Paus Fransiskus menganggap sensasi ‘Paus Super’ menyinggung dan menegaskan bahwa dia adalah ‘orang normal’

Paus Fransiskus menganggap berkembangnya hype yang mengelilinginya “menyinggung,” menurut sebuah wawancara yang diterbitkan pada hari Rabu, bahkan ketika Vatikan sendiri memperingati ulang tahun pemilihannya dengan perangko dan koin peringatan serta sebuah DVD yang menampilkan rekaman Paus yang belum pernah dilihat sebelumnya.

Paus Fransiskus mengatakan kepada harian Italia Corriere della Sera bahwa dia tidak menghargai pembuatan mitos yang membuatnya digambarkan sebagai “Paus Super” (seperti yang baru-baru ini dilukis oleh seorang seniman jalanan Italia) yang menyelinap keluar pada malam hari untuk memberi makan orang miskin (seperti yang diberitakan oleh surat kabar Italia).

Pada hari Rabu, ia harus bersaing dengan selebriti baru ketika “My Pope” muncul di surat kabar Italia, sebuah majalah gosip mingguan yang sepenuhnya ditujukan untuk Paus Fransiskus. Majalah ini diterbitkan oleh Mondadori, yang dimiliki oleh kerajaan media mantan Perdana Menteri Silvio Berlusconi. Selain itu, seseorang di khalayak umum mencoba memberinya replika patung Oscar dengan tulisan “Oscar Pope” di atasnya.

“Saya tidak suka interpretasi ideologis, mitologi Paus Fransiskus seperti ini,” kata Paus kepada Corriere. “Kalau tidak salah, Sigmund Freud mengatakan bahwa dalam setiap idealisasi ada agresi. Menggambarkan Paus sebagai Superman, seorang bintang, adalah tindakan yang menyinggung saya.

“Paus adalah orang yang tertawa, menangis, tidur nyenyak, dan mempunyai teman seperti orang lain. Orang normal.”

Fransiskus merayakan hari jadinya sebagai Paus pada 13 Maret. Pada kesempatan ini, Vatikan mengeluarkan koin dan perangko baru. DVD tersebut akan menampilkan cuplikan di balik layar saat Paus meninggalkan Kapel Sistina setelah terpilih dan berdoa di dekat Kapel Paoline sebelum keluar ke balkon Basilika Santo Petrus untuk menyambut dunia dengan “Buonasera” yang terkenal.

Dalam wawancara tersebut, Paus Fransiskus juga mengatakan bahwa ia dan Paus Benediktus XVI sepakat bahwa Paus emeritus tidak akan terus bersembunyi, karena Benediktus mengatakan ia akan menghabiskan masa pensiunnya tetapi lebih berpartisipasi dalam kehidupan gereja. Hal ini sejalan dengan keyakinan Paus Fransiskus bahwa para lansia mempunyai kekayaan hikmah yang bisa diberikan kepada generasi muda.

“Paus Emeritus bukanlah patung di museum.
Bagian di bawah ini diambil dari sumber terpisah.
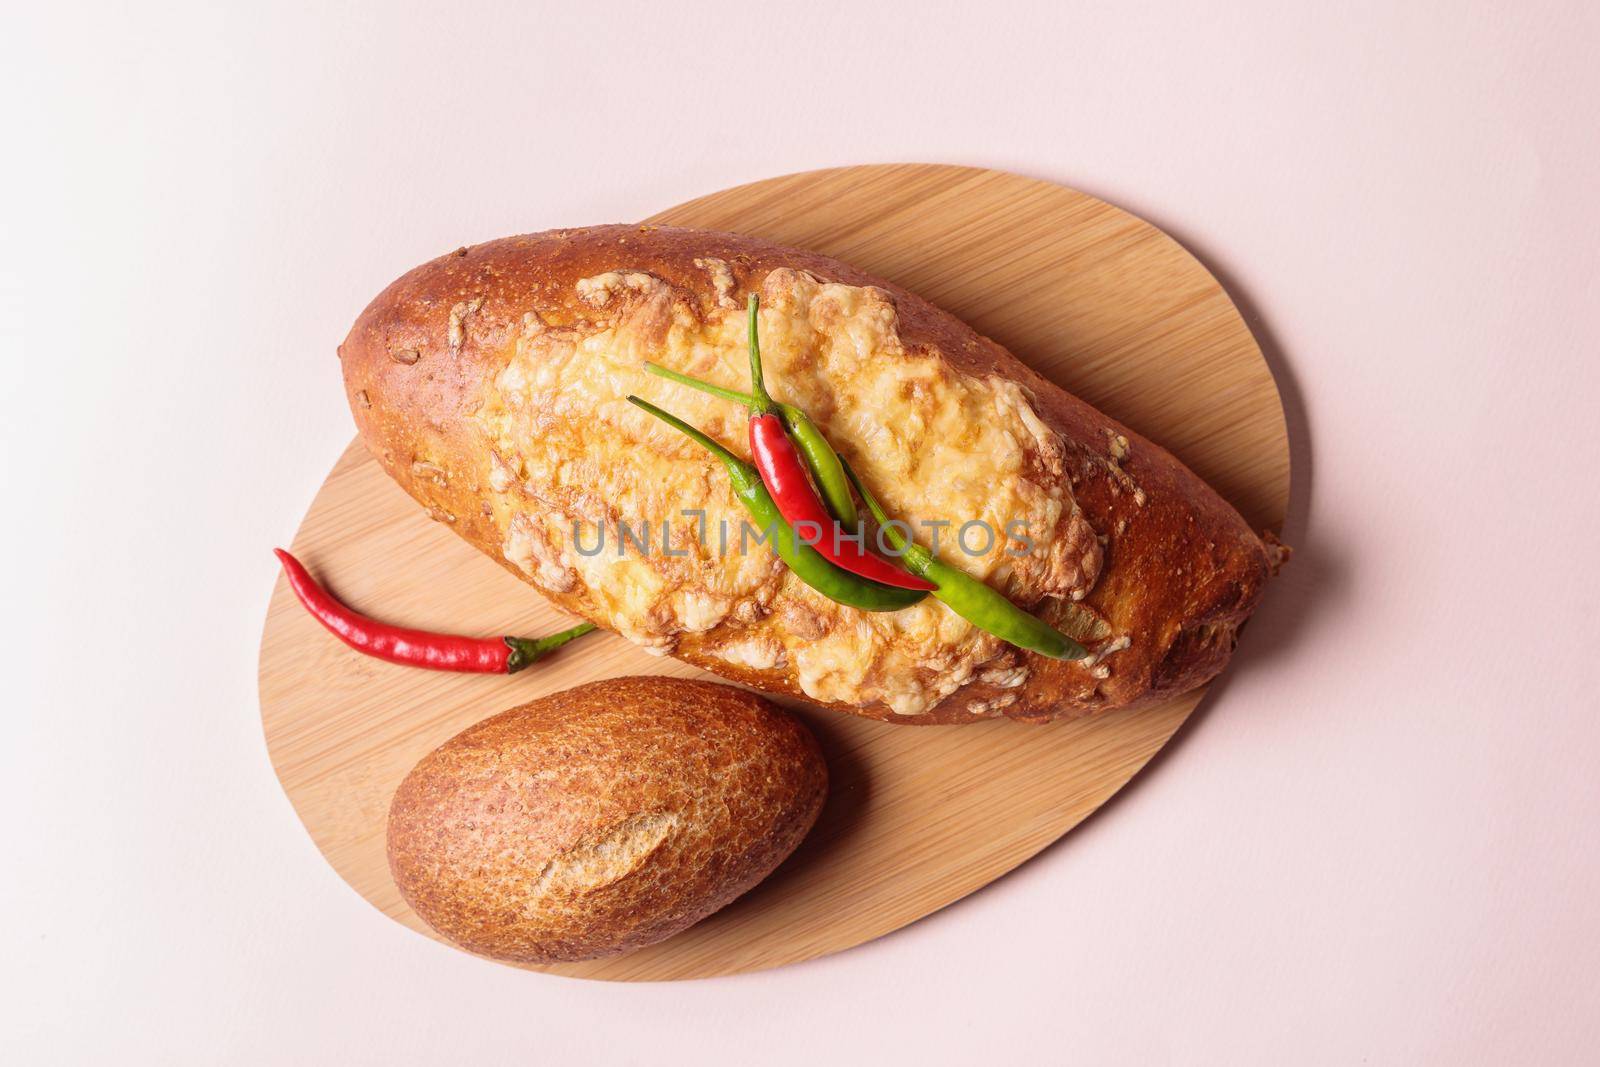 Fresh bread on a cutting board with red and green chili peppers. Close-up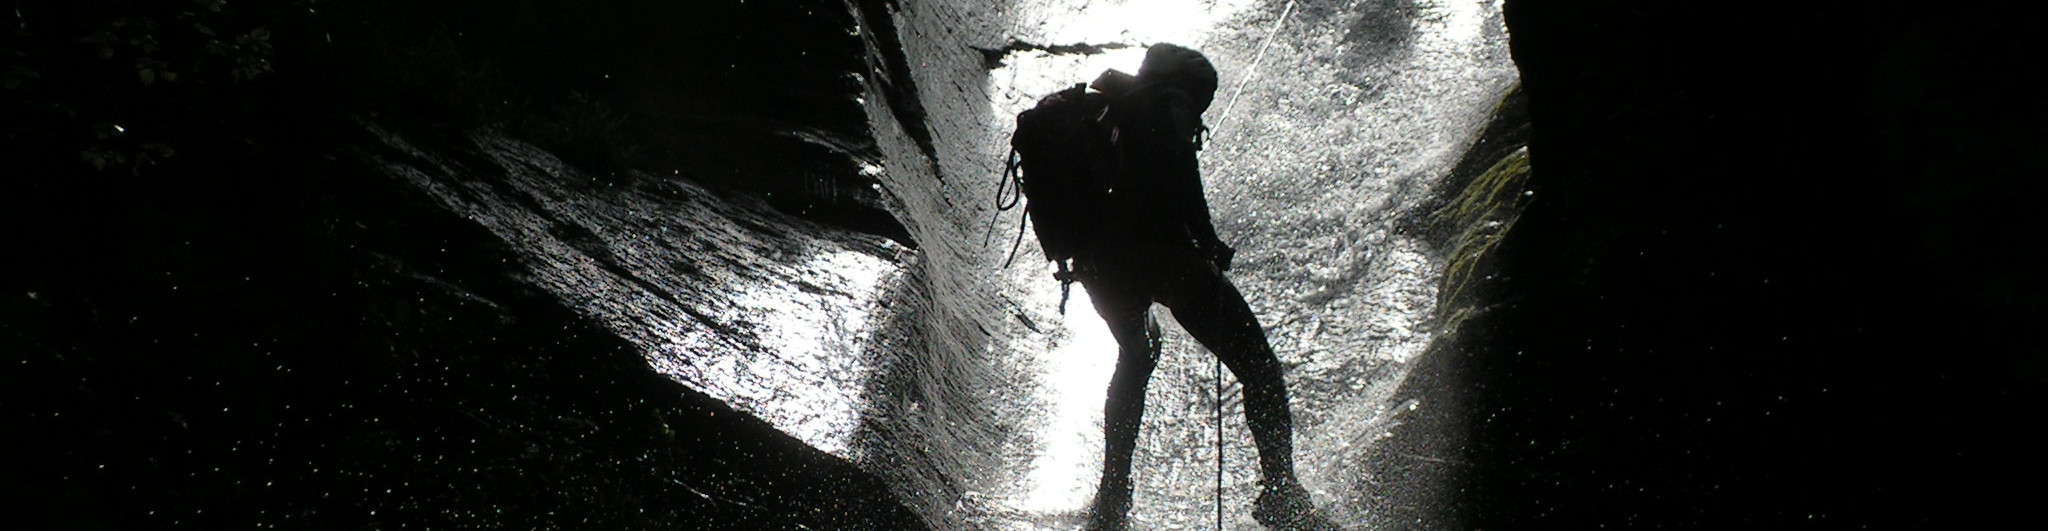 , Safety and Equipment, Canyoning Valle d&#039;Aosta

Ia adalah sebuah institusi,” kata Paus Fransiskus. “Kami membicarakannya dan memutuskan bersama bahwa akan lebih baik jika dia bertemu orang-orang, keluar dan berpartisipasi dalam kehidupan gereja.”

Benediktus baru-baru ini menghadiri upacara pelantikan 19 kardinal baru secara resmi, yang merupakan pertama kalinya ia dan Fransiskus berkumpul di Basilika Santo Petrus. Ia diperkirakan akan menghadiri kanonisasi Paus Yohanes Paulus II dan Paus Yohanes XXIII pada 27 April.

“Beberapa orang mungkin ingin dia pensiun di biara Benediktin yang jauh dari Vatikan,” kata Paus Fransiskus. “Saya memikirkan kakek-nenek yang memberikan kekuatan kepada keluarga mereka dengan kebijaksanaan dan nasihat mereka dan tidak pantas untuk dimasukkan ke panti jompo.”